In this work, we extend on our previously developed methods of personalized prognosis. Our primary single variable classifier is the one-dimensional data-driven grouping (1D-DDg) method, which stratifies a cohort of patients into two survival significant subgroups: low or high-risk. The 1D-DDg method itself is optimized, i.e. for a single variable permissible domain, it identifies a cut-off value that splits the domain into low and high sub-domains and, subsequently, the patient cohort into two distinct subgroups with the most statistically significant Wald’s test p-value.
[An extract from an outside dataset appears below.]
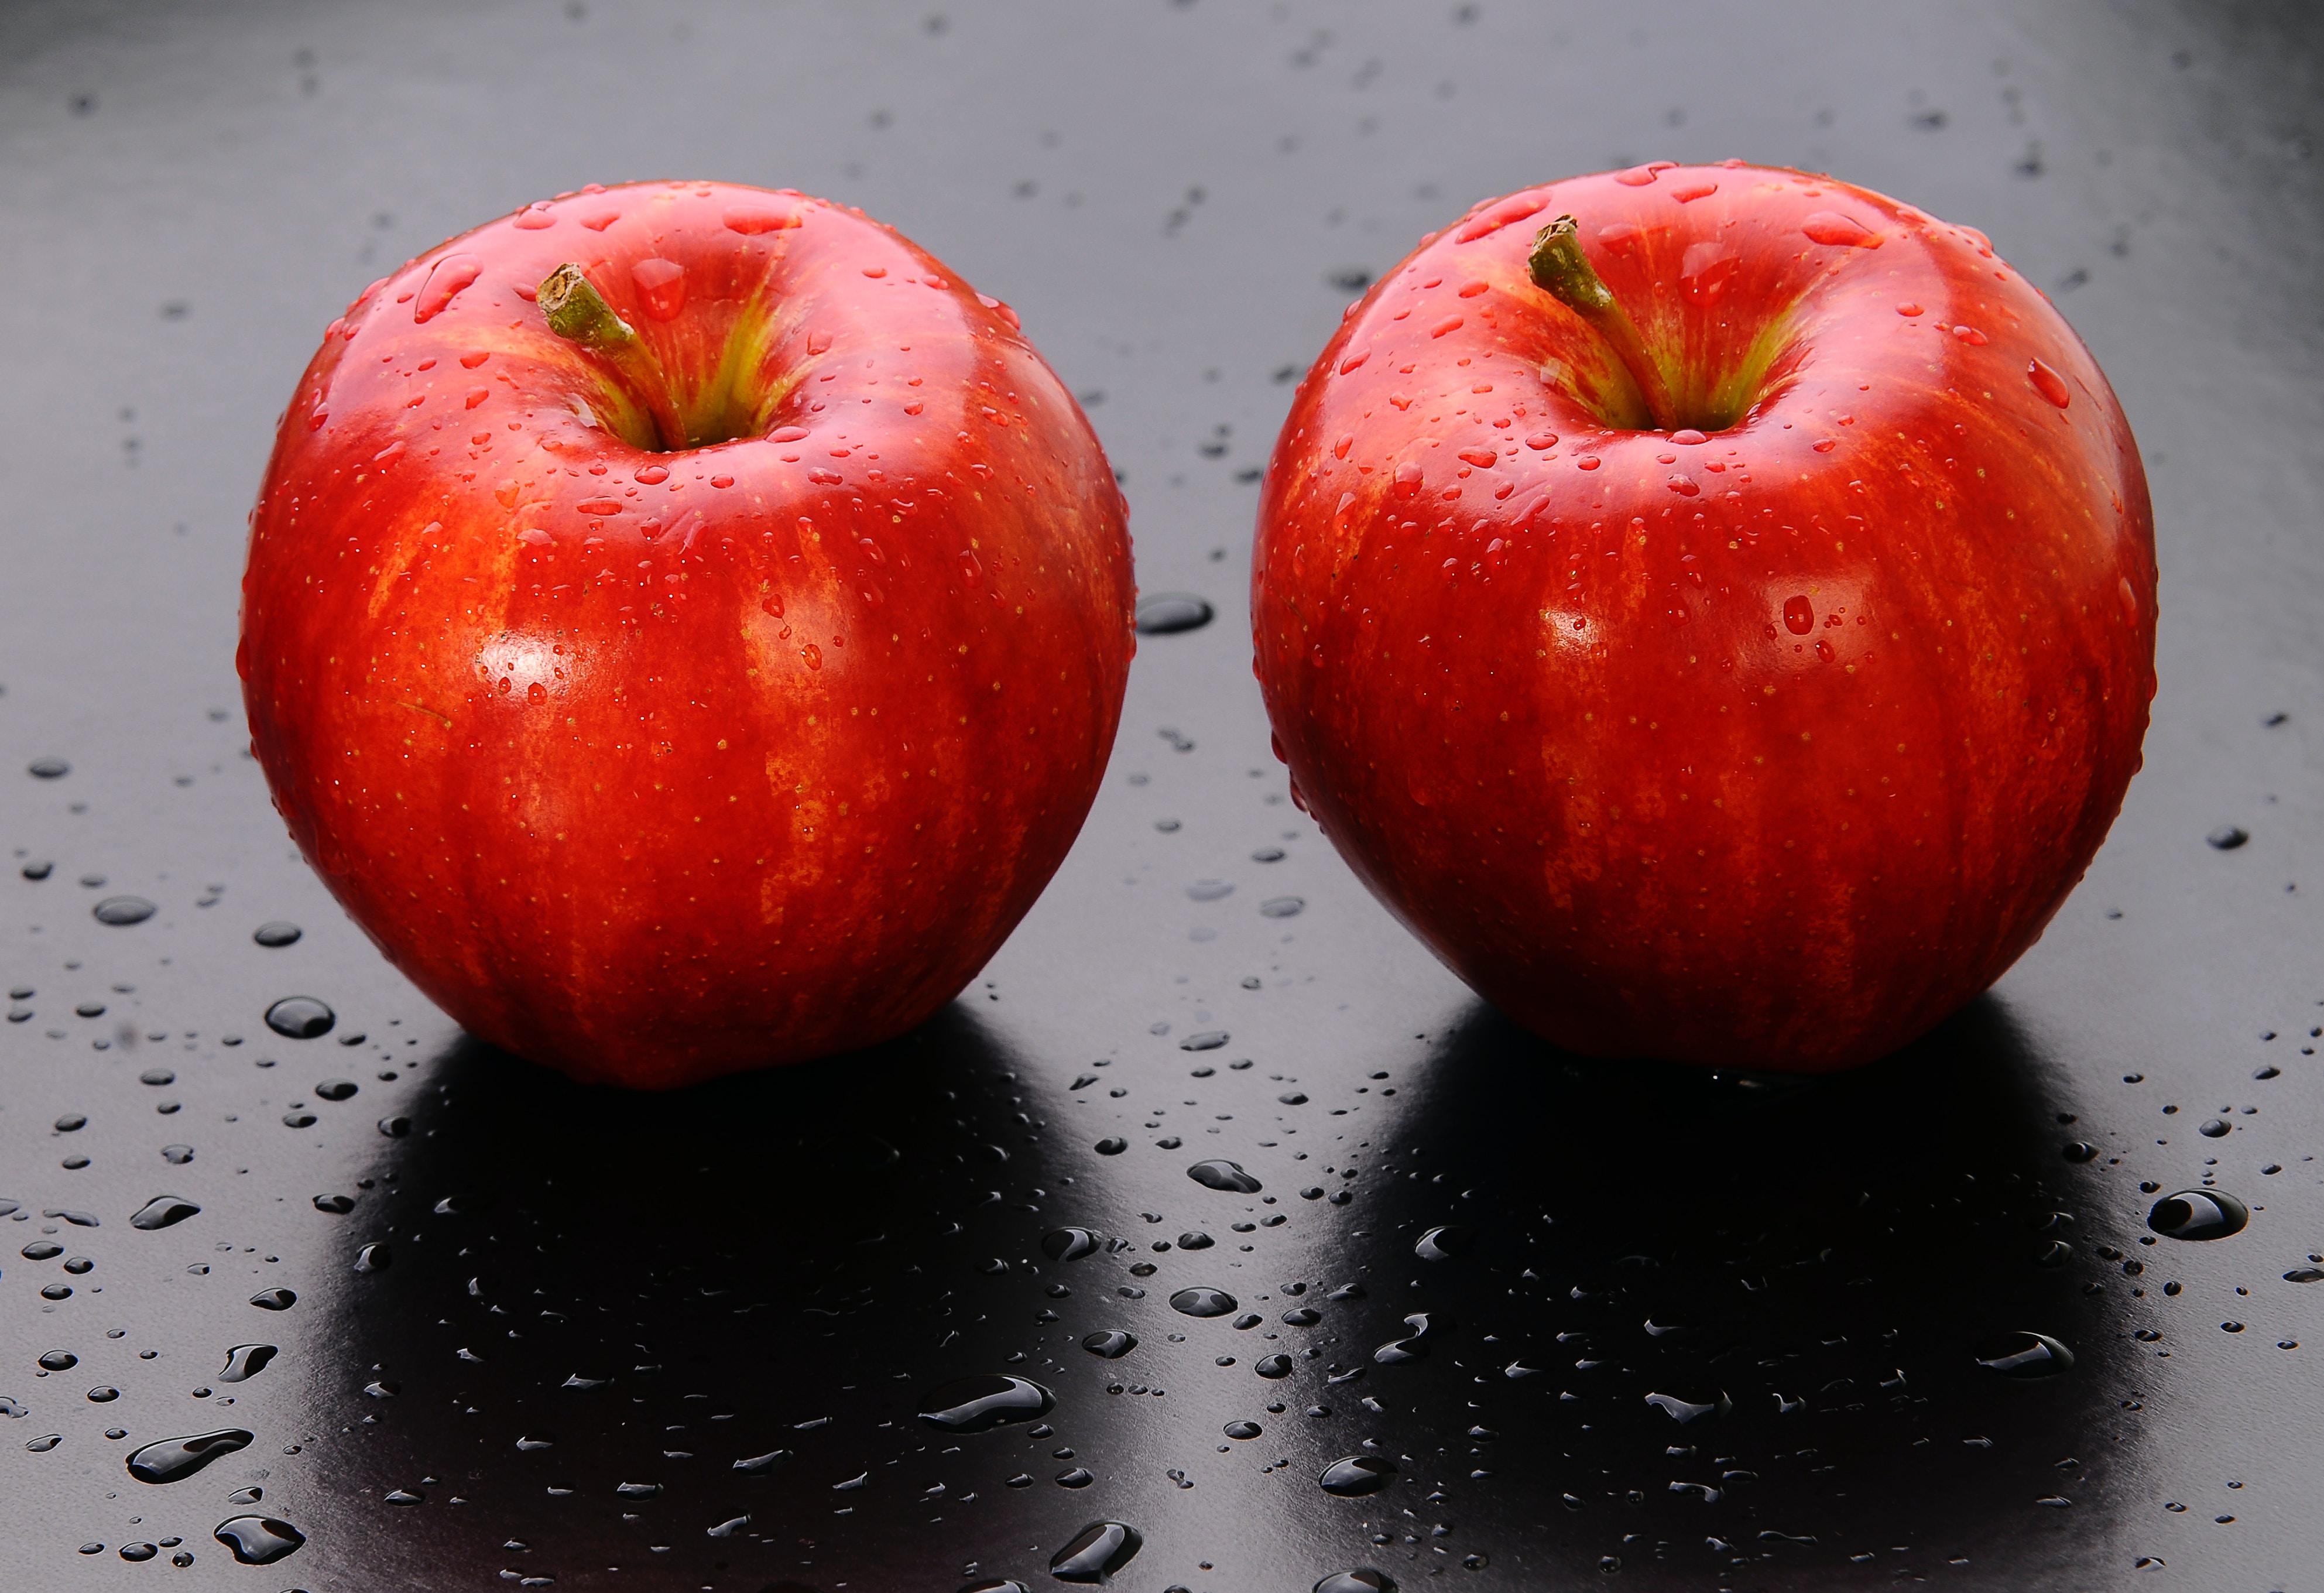 야생에서 채취를 한 사과를 잘 세척한 후에 검은 바닥 위에 빨갛게 잘 익은 사과 2개를 나란히 놓고 찍은 사진

During the process of identifying prognostic significant variables, the 1D-DDg method should be considered a complementary approach to methods which utilizes the whole permission domain (range) of the continuous expression values5. In many analyses such as regression or correlation, it would be beneficial to analyze the continuous variable values with respect to the dependent variable. However for prognosis analysis where dependent variable, i.e. prognostic outcomes (low or high risk) is normally not known a priori, the 1D-DDg method could be a reasonable first step. The 1D-DDg 1) identifies an optimal cutoff value of the predictor and 2) to assign patients to low or high risk depending on whether the patients’ predictor expression value lie on the leftwards or rightwards of the optimal cutoff value and the pattern of association. In particular, dichotomization based on a pre-specified cut-point is common in many areas of clinical research or clinical diagnosis, where patients are routinely diagnosed based on the category of his/her measurement13. It is also expected that the model derived from 1D-DDg would yield easily understandable and useful cut-points, potentially with clinical applications.
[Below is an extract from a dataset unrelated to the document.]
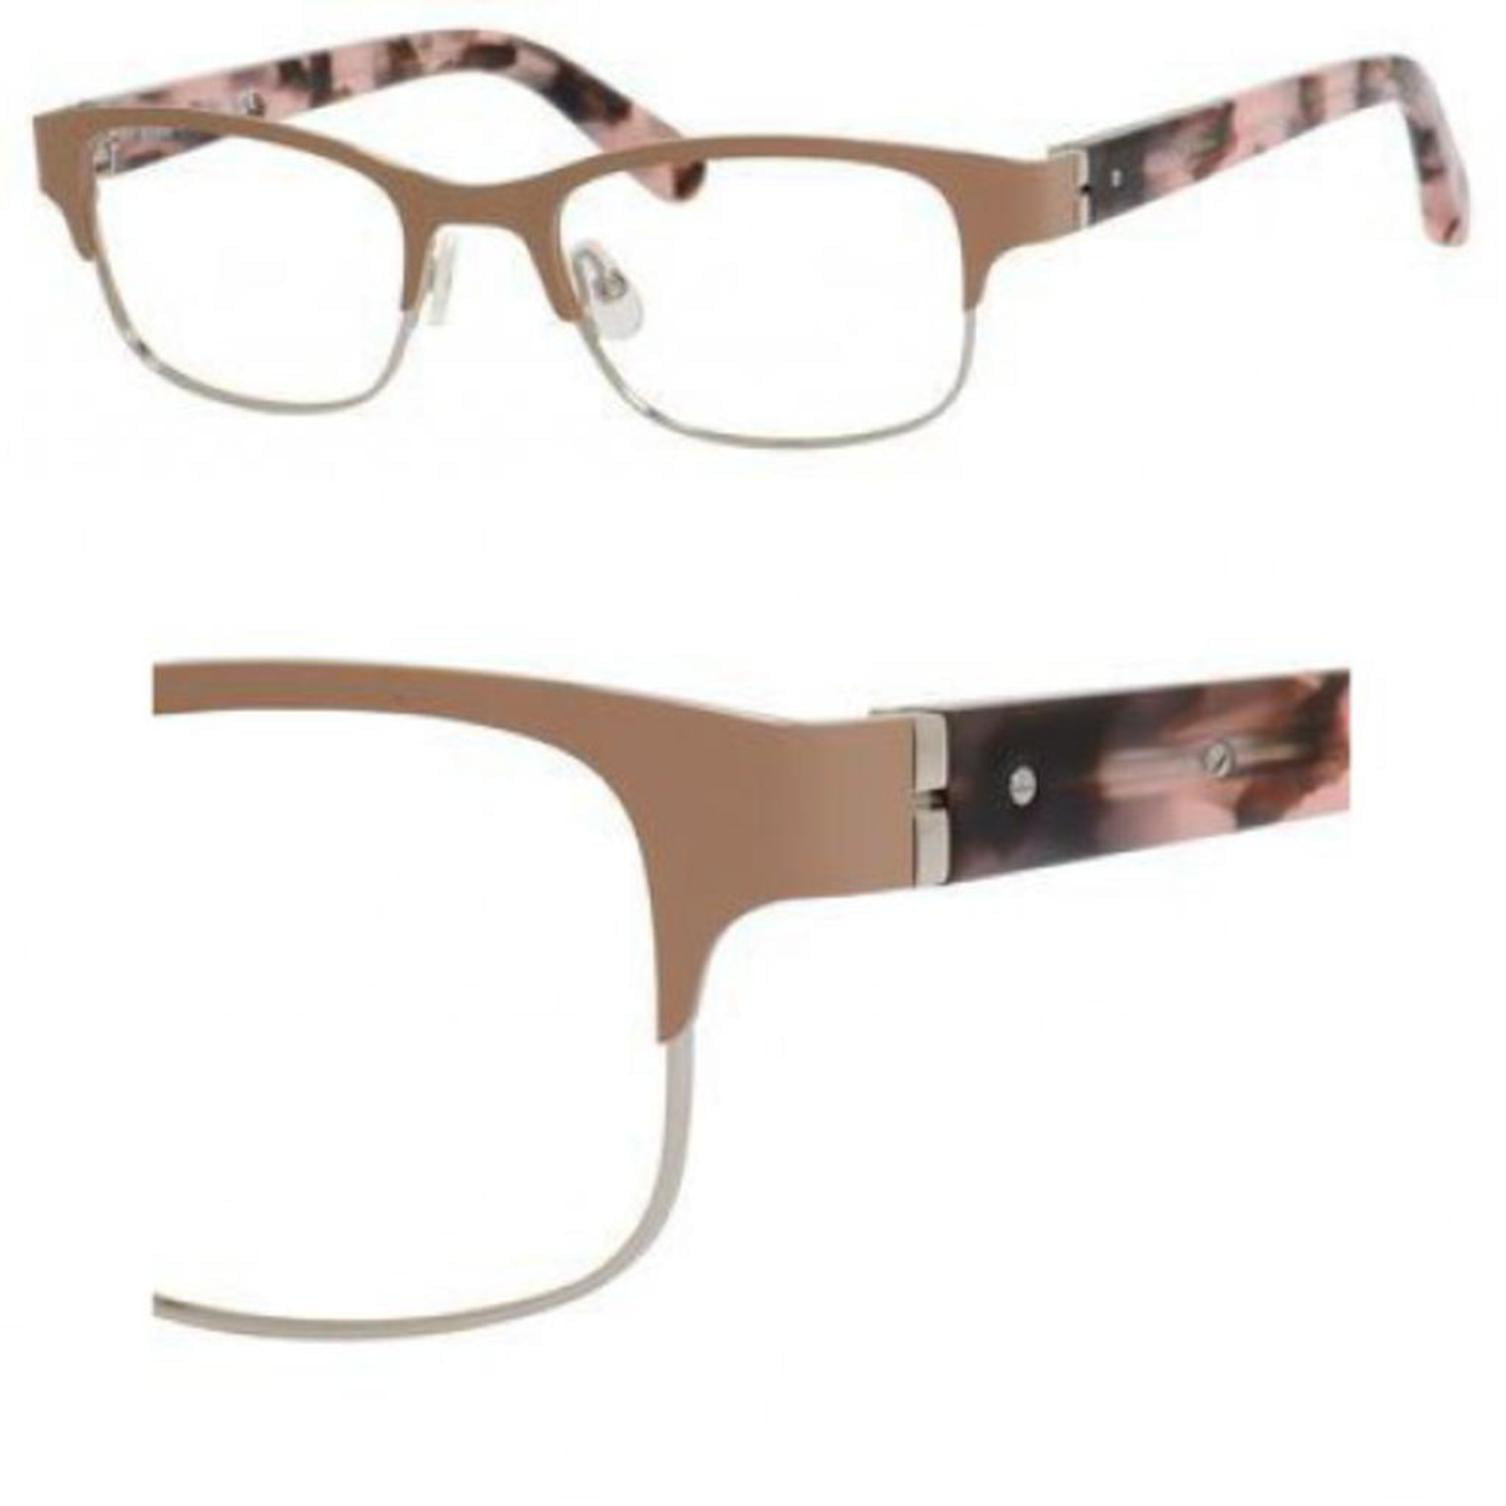 Rimless Eyeglasses Frames For Women My Xxx Hot Girl

In the first part of our study, we investigated the effects of different weights on SWVg prognostic classification algorithm performance (as quantitatively assessed by the multivariate log-rank test). Our results revealed that the choice of weights when combining several independent univariate variables into a multivariate classifier is relatively important. In our study, the use of negative logarithmized p-values appears to outperform other weights involving hazard ratios (Fig. 3). The choice of weights should be considered an essential task in any combination/voting procedures.
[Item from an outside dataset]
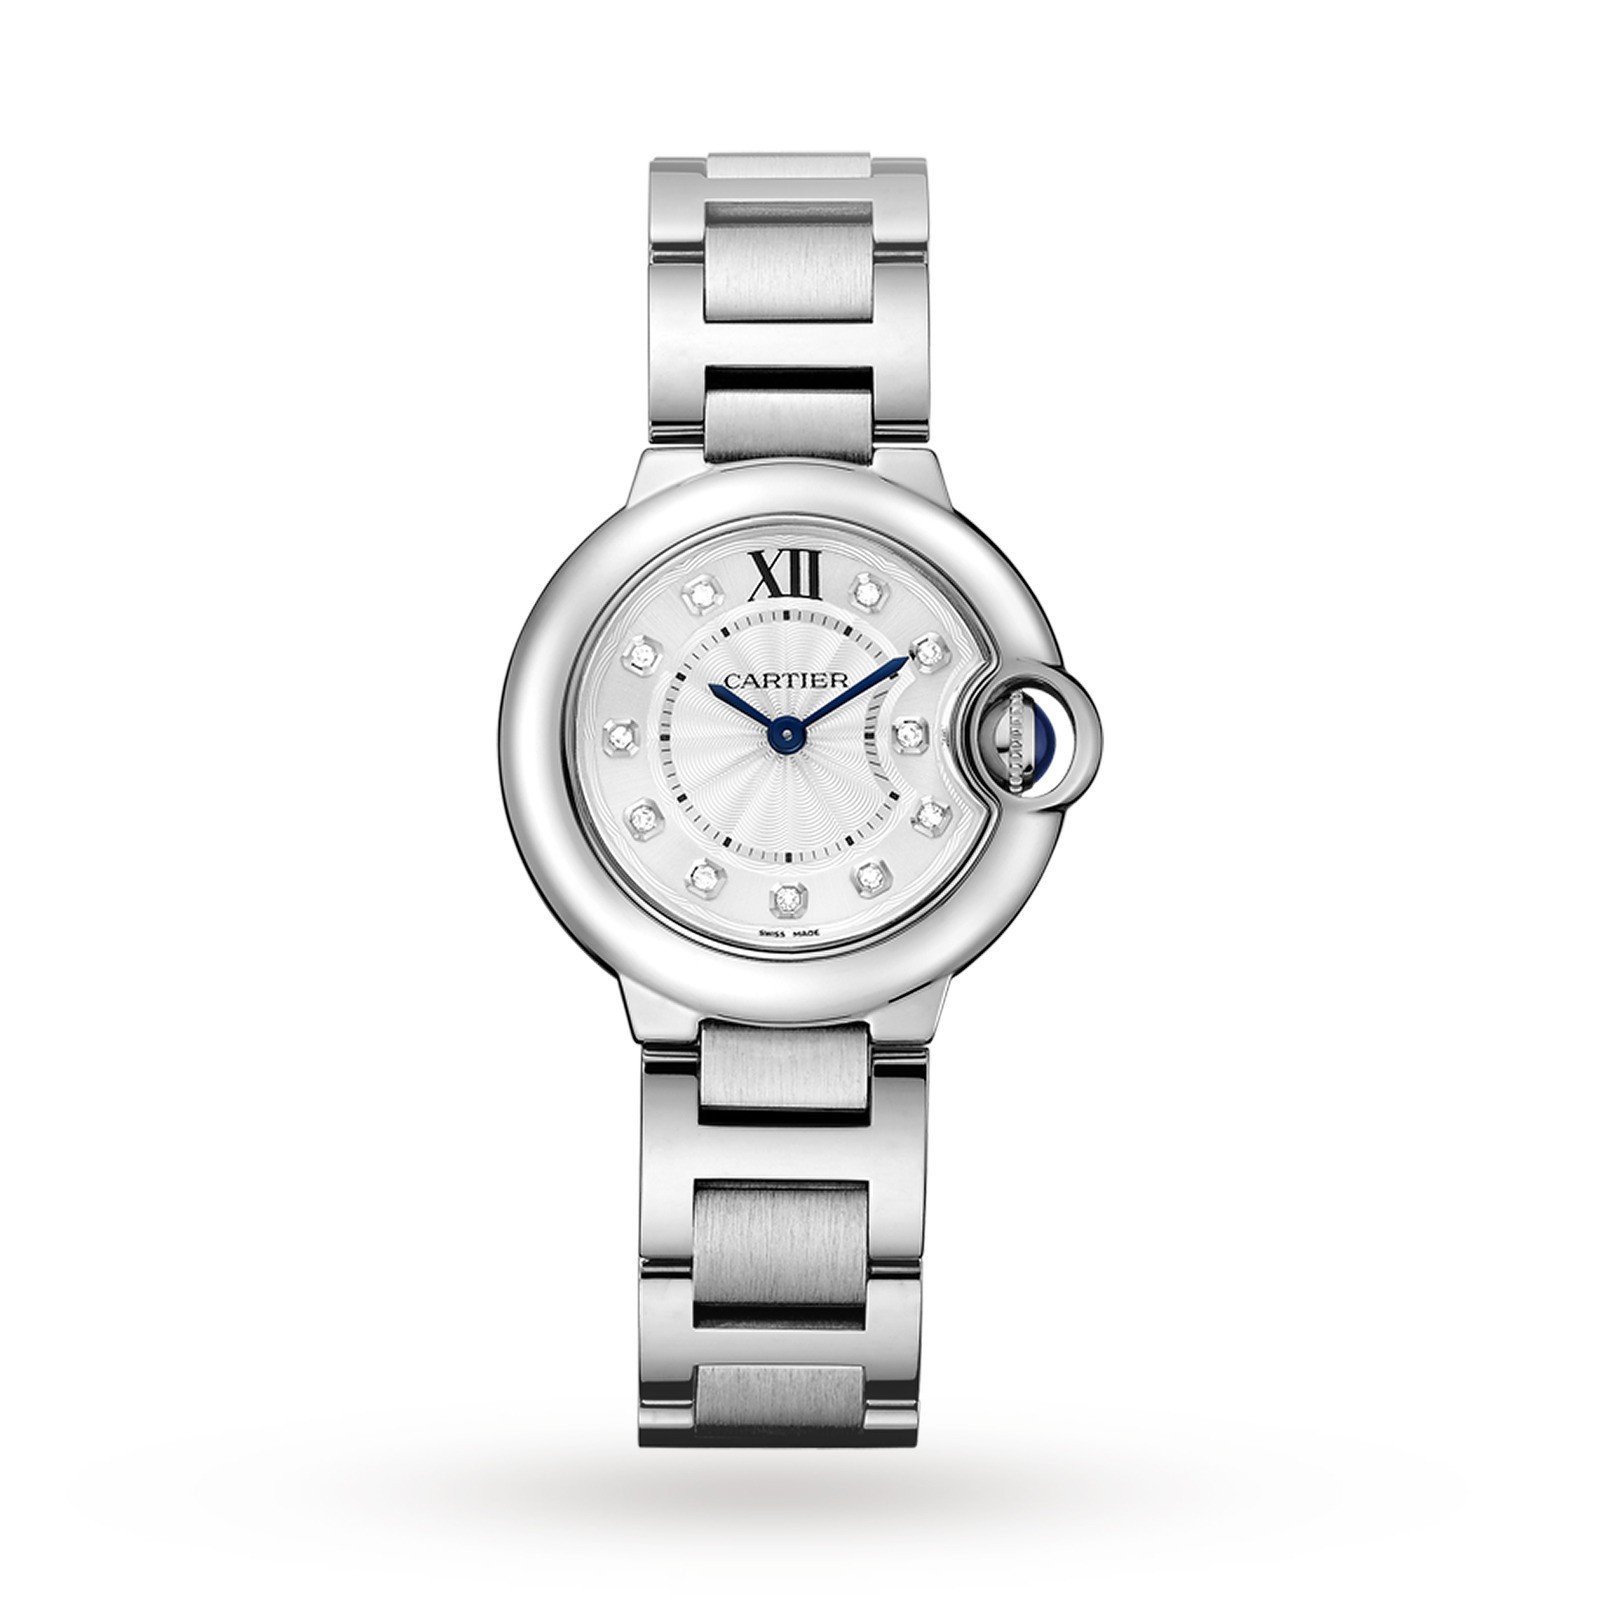 Swiss Ballon Bleu de Cartier watch, 28 mm, steel, diamonds

In the second part of our study, we extended our analysis to the use of classical machine learning techniques to train a classifier that delineates between risk classes stratified via our 1D-DDg and SWVg prognostic classification algorithm. We studied the use of classical machine learning techniques such as support vector machine, k-nearest neighbor, logistic regression, random forest and neural networks. For each classification method, we made a preliminary attempt to optimize the parameters via grid searching of each of the parameters, and optimization of the cross validation accuracy. It is commonly appreciated that variables should be scaled before application of machine learning algorithms. In such cases, we observed that when the PSVs are scaled, the training and cross validation accuracies across the classical machine learning techniques such as KNN, SVM, RF, NN and LR were relatively high. PSVM method was designed and proven to work with the PSVs directly without variable scaling6. For most cases, the cross validation accuracies are generally high enough without the need for extensive and finer tuning (Fig. 4A).

Also, our results showed that the PSVM algorithm that we have developed in our previous work could marginally outperform most other classical machine learning algorithms including k-nearest neighbor, support vector machine, logistic regression and neural network (Fig. 4B–H). Nevertheless, we propose that an ensemble approach that considers the classification results from all the independent classifiers (ours and that from the classical machine learning algorithms) could be a way to unify and address concerns that results from a single classifier is likely to be biased, non-robust, and produce irreproducible results in the test set. Our results revealed that if such schema were used, the overall classification would provide relatively significant stratification of the patients from the independent test cohort (Fig. 5). We suggest that such an ensemble (multi-test) approach is likely to lead to more robust and reproducible results. Such approach could be more feasible, rather than efforts to micro optimize a classifier of choice which might not work well in another dataset or patient cohort.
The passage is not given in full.